他把一個包裝得挺精緻的盒子遞給蘇雪青:「上次說的,請你吃我們酒店的甜點。」
蘇雪青略一猶豫,接過來,道了聲謝。
他注意到盒子上方的logo是「尊皇酒店」。之前忘了問對方具體在哪裡上班,這家酒店就在他學校附近。有時候學校的宴請聚餐,或給來訪學者定房間什麼的也都會選那裡。說不定他早就吃過高毅燒的菜了。

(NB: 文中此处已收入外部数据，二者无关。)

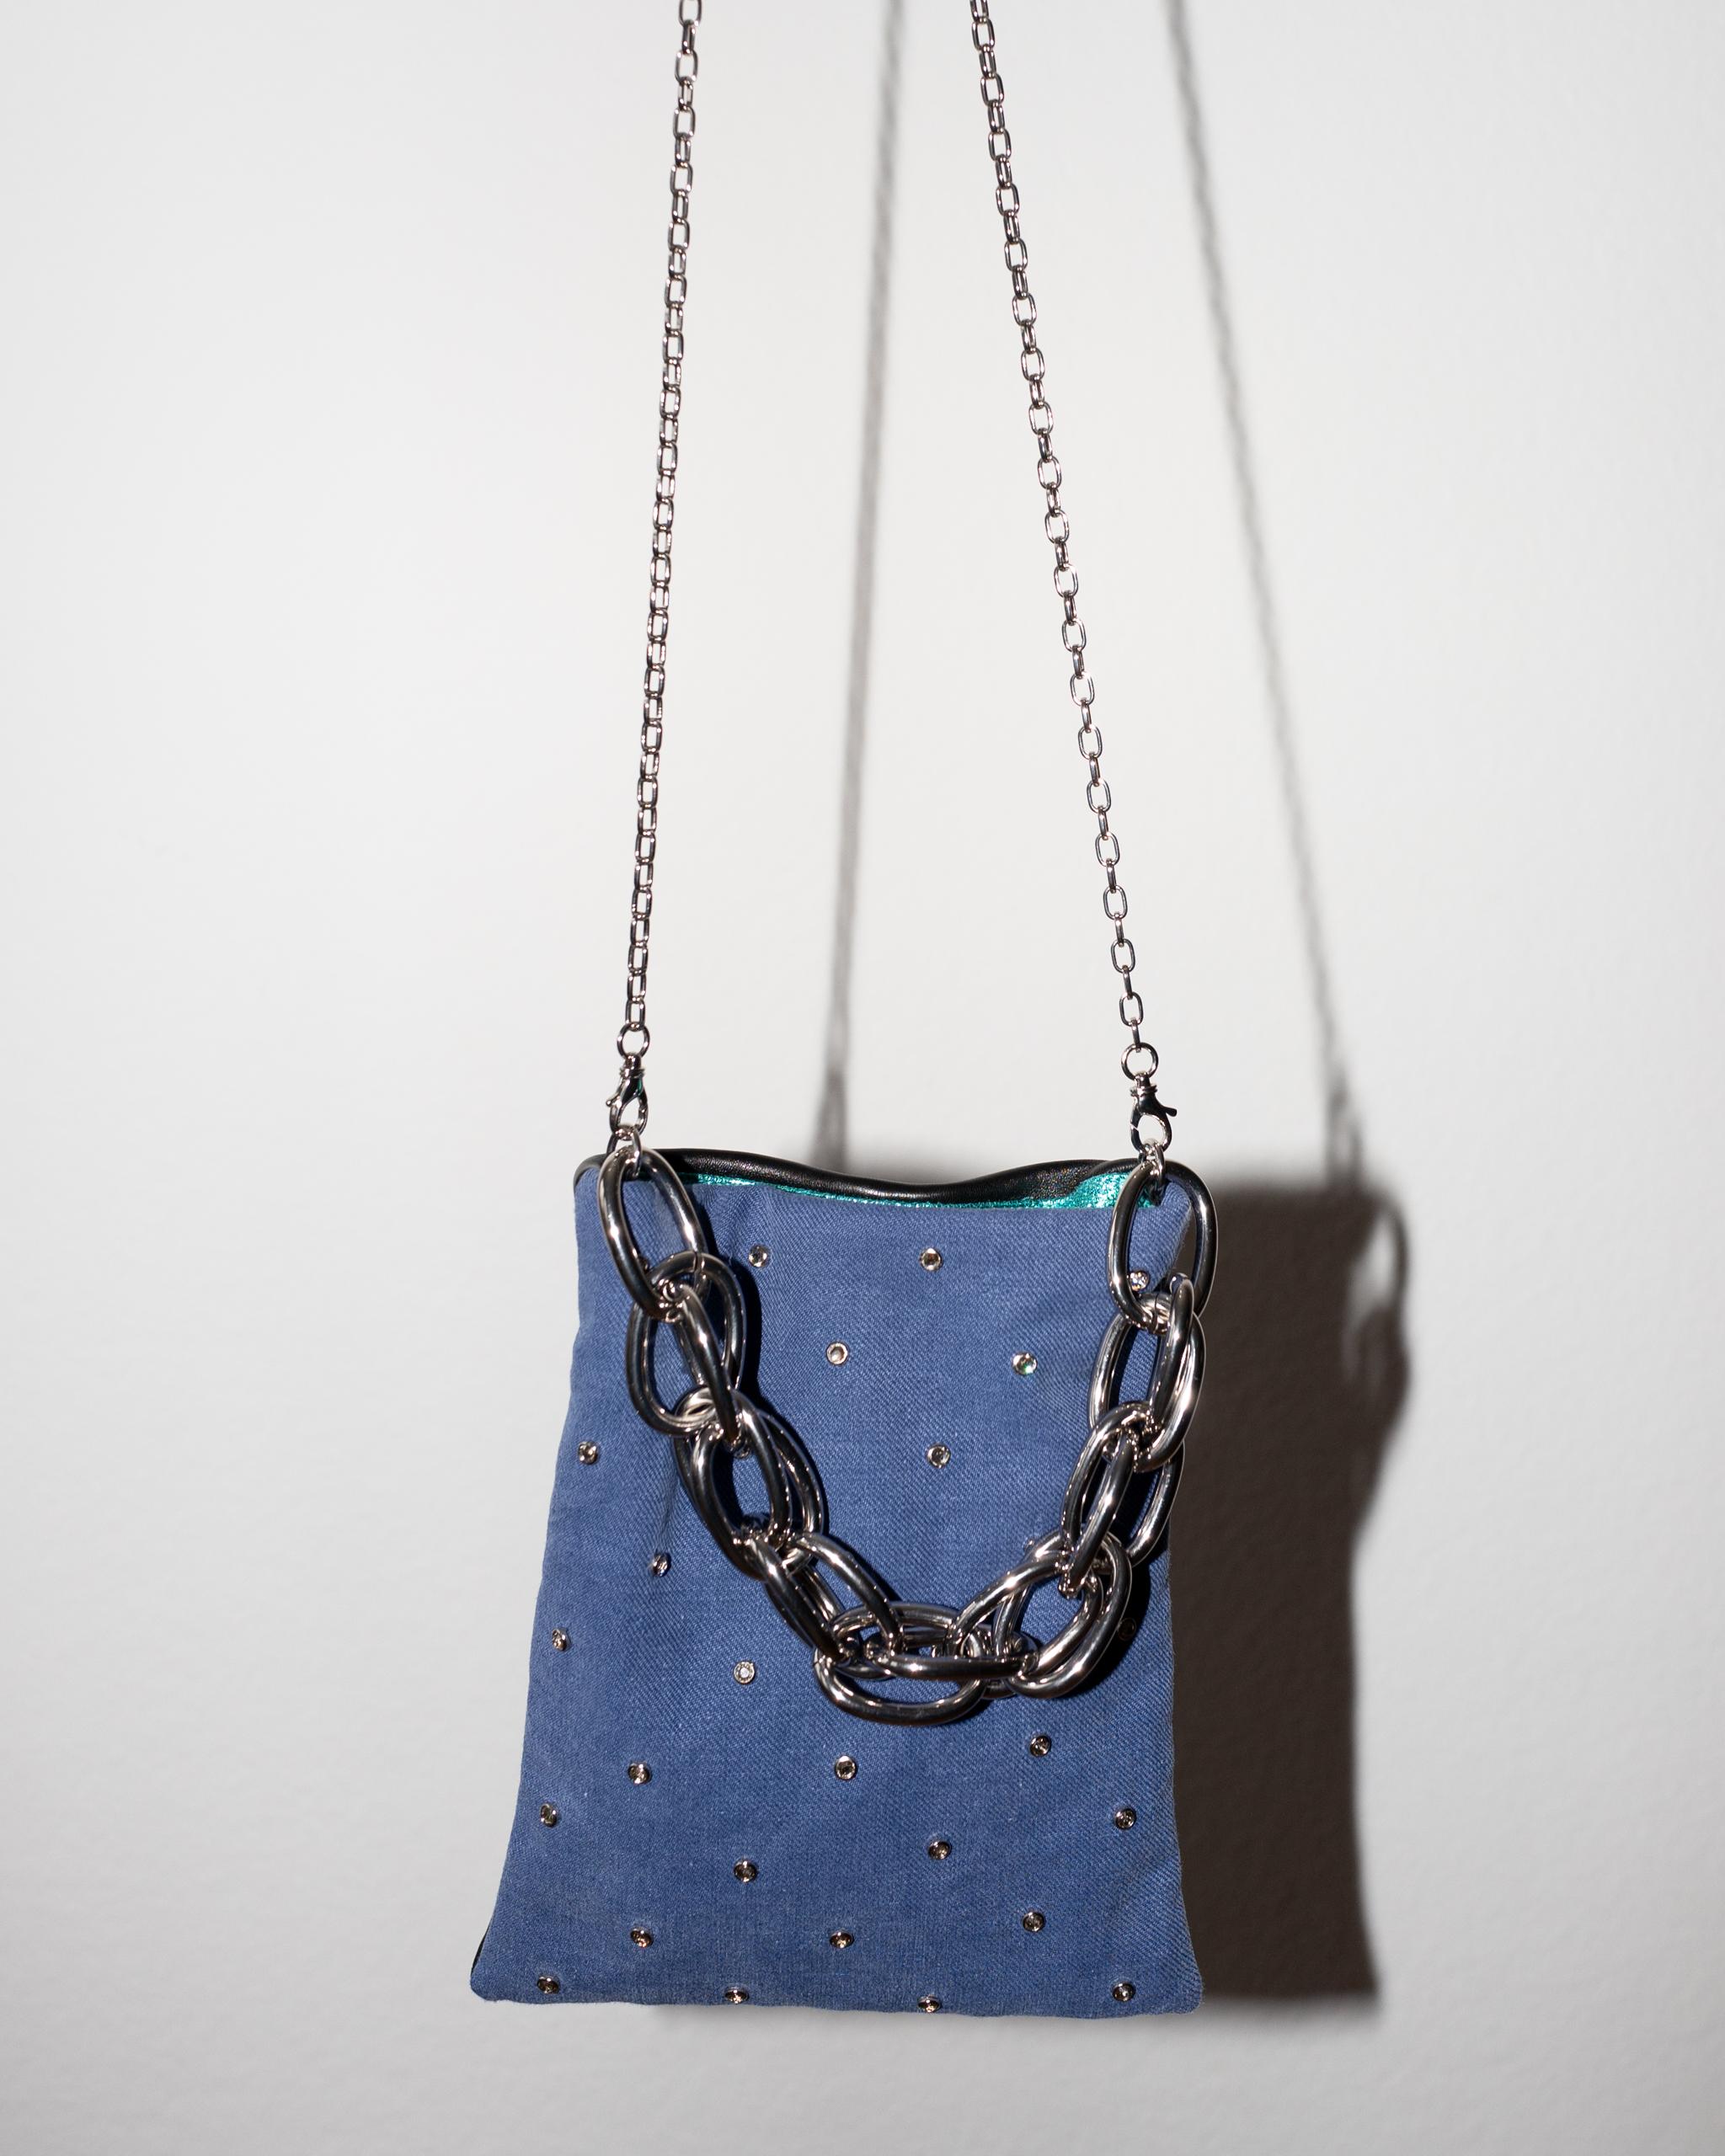 Crystal Embellished Blue Evening Shoulder Bag Black Leather Chunky Chain For Sale 1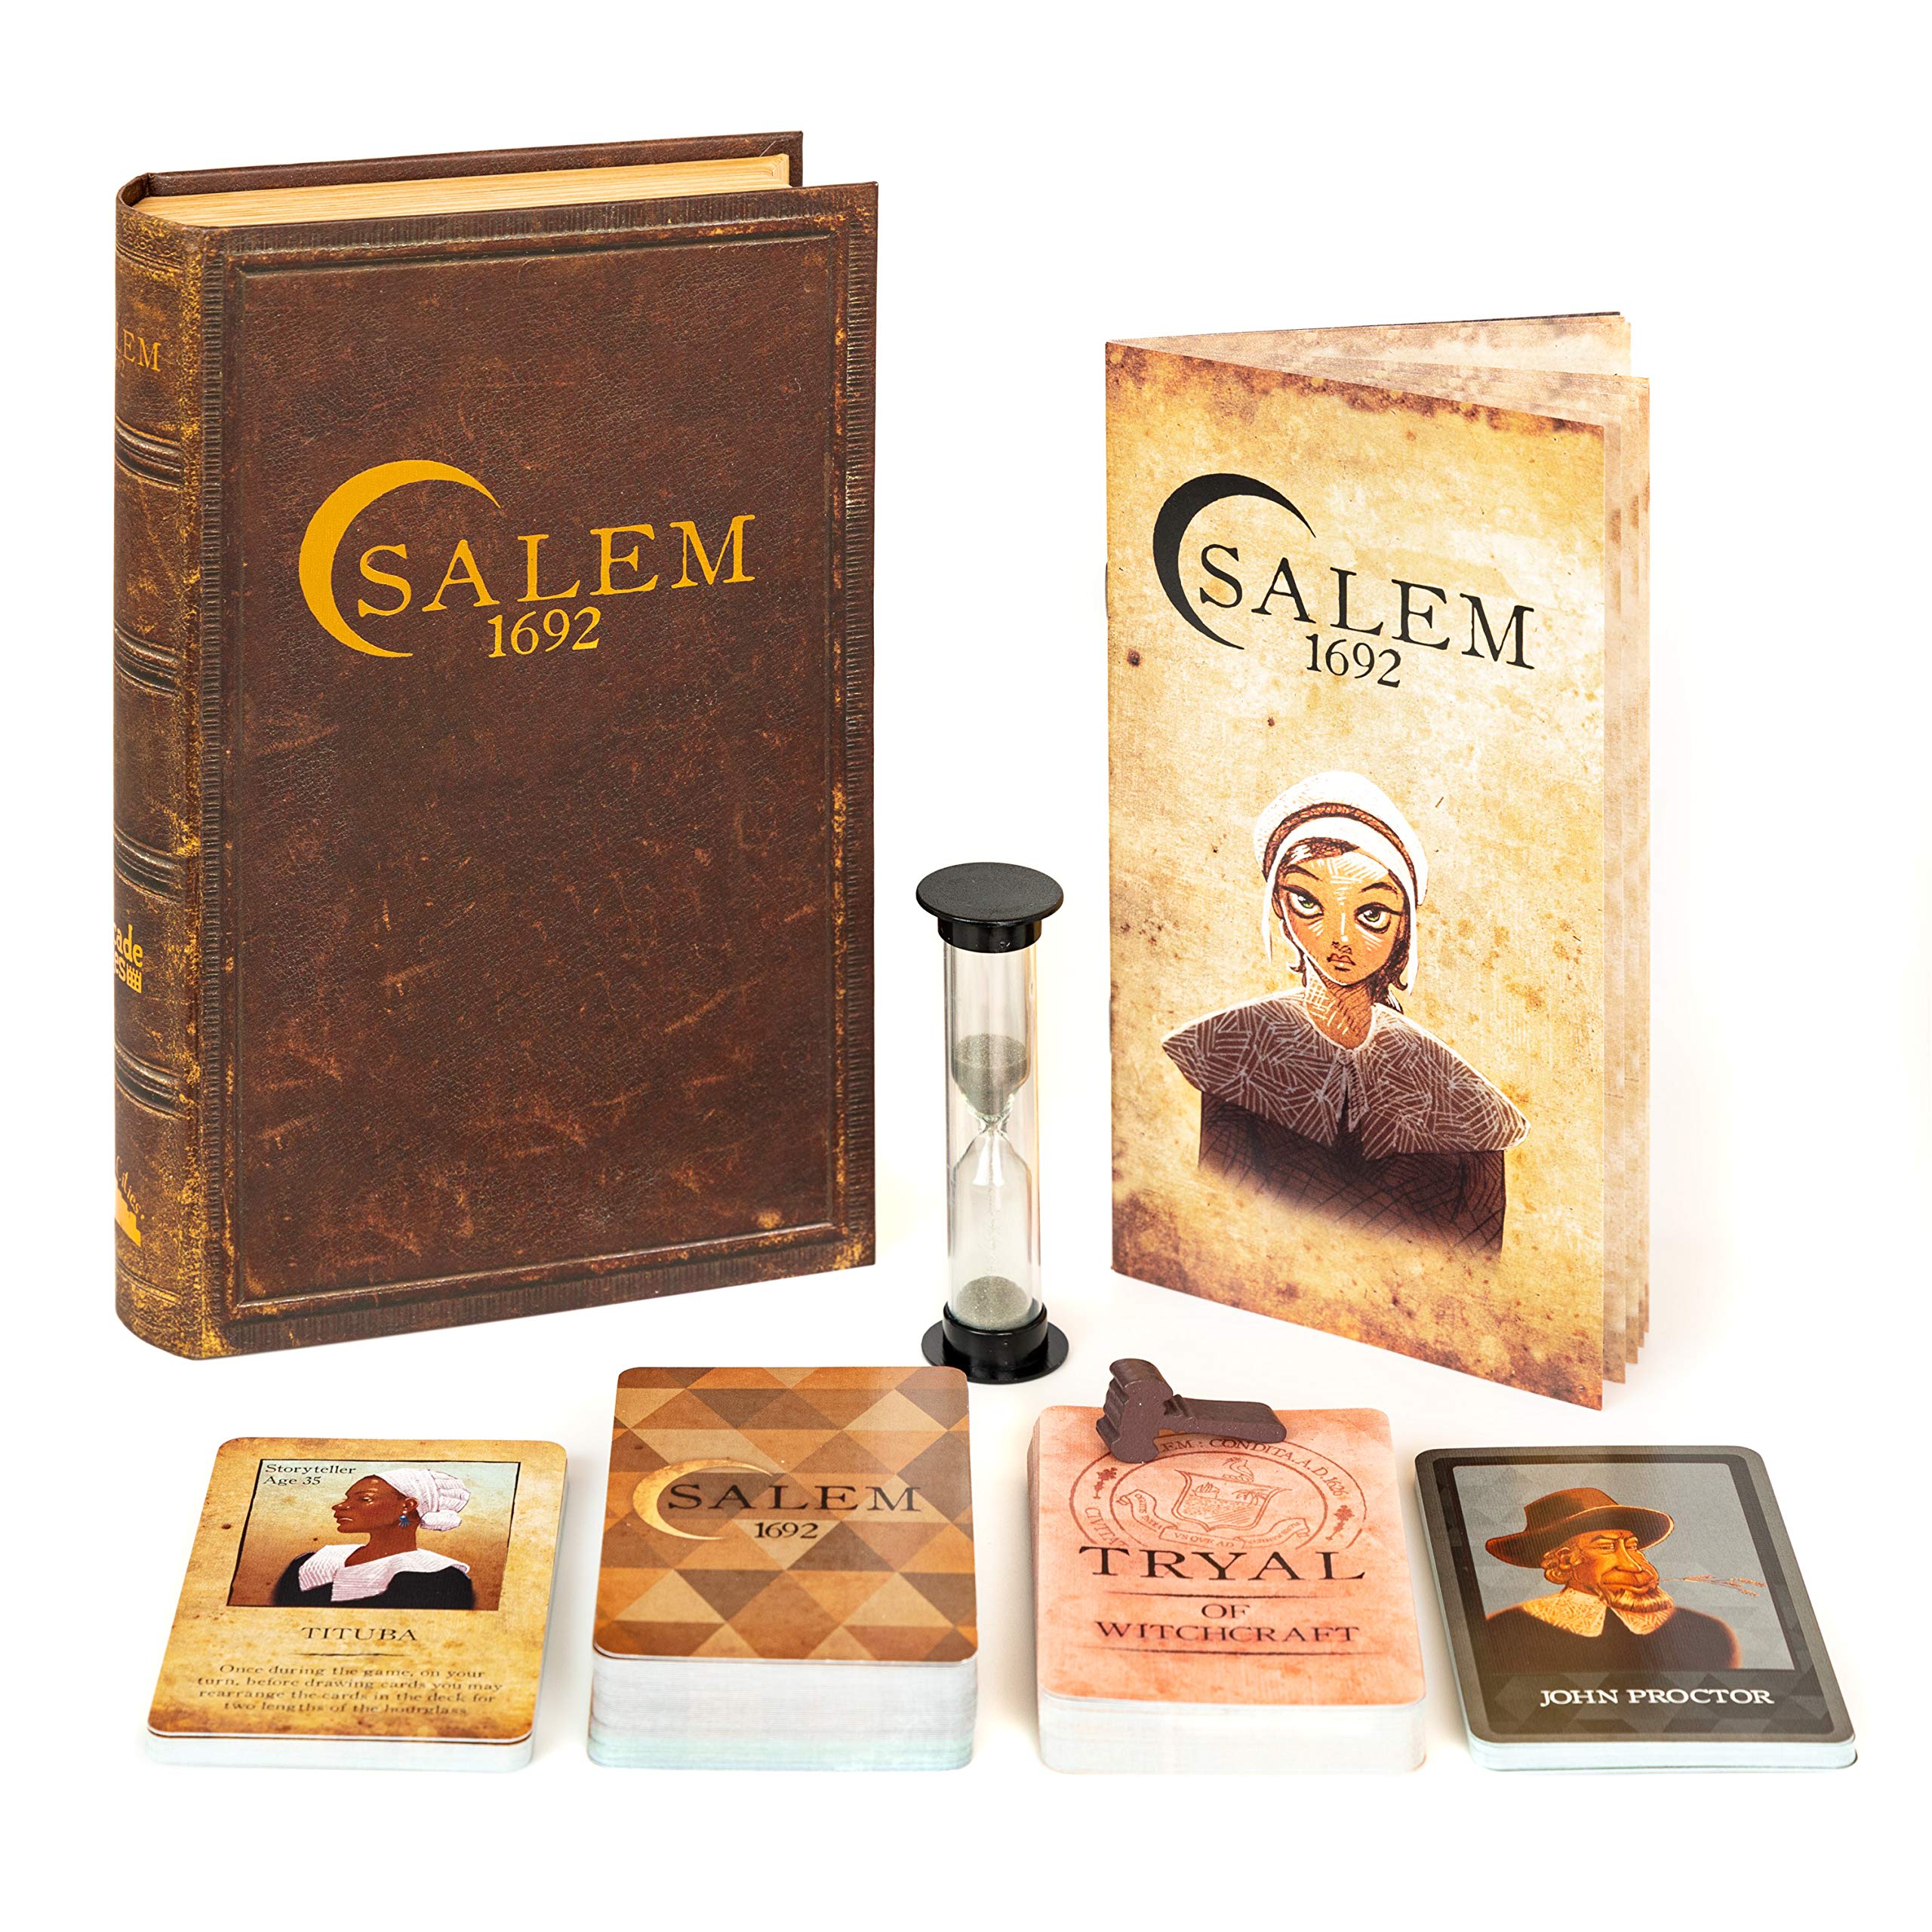 Salem 1692-review-thailand

蘇雪青收起甜點袋,想起上次他手上的傷,便問:「你手怎麼樣?」
「結痂了。」說完他把手翻給蘇雪青看,「那個藥很不錯……謝謝!」
「不客氣。」
兩人一時無話,片刻後,高毅突然問:「你屬什麼?」
蘇雪青偏頭看他,有點疑惑。
「屬相……你哪年的?」
蘇雪青更疑惑了:「問這個做什麼?」
「沒什麼……」高毅不再言語,大概是有些尷尬,耳廓發紅。
蘇雪青看了他兩眼:「我屬蛇。」
沒想到蘇雪青竟真的願意告訴他自己的屬相,高毅有點詫異。跟著他莫名回蘇雪青一句:「我屬羊。」
蘇雪青終於知道為什麼他總是這麼沉默的原因,這個人是真的不會聊天啊。他順口道:「那看來我還比你大兩歲。」
「你看起來不大……」本來想說句好話,但從他嘴裡說出來卻自顧自變了味兒,高毅又補充道,「……很年輕。」
「所以才沒有威信,總被學生們欺負麼。」
「學生總欺負你?」高毅突然瞥了蘇雪青一眼,認真問道。
蘇雪青也被他搞得有點尷尬,打著哈哈:「沒有,開個玩笑。」
他們在高鐵站接到蘇青揚,個頭很高,身材微胖,看起來是個大塊頭女人,即便這樣,她不施粉黛的臉也有那種渾然天成的漂亮。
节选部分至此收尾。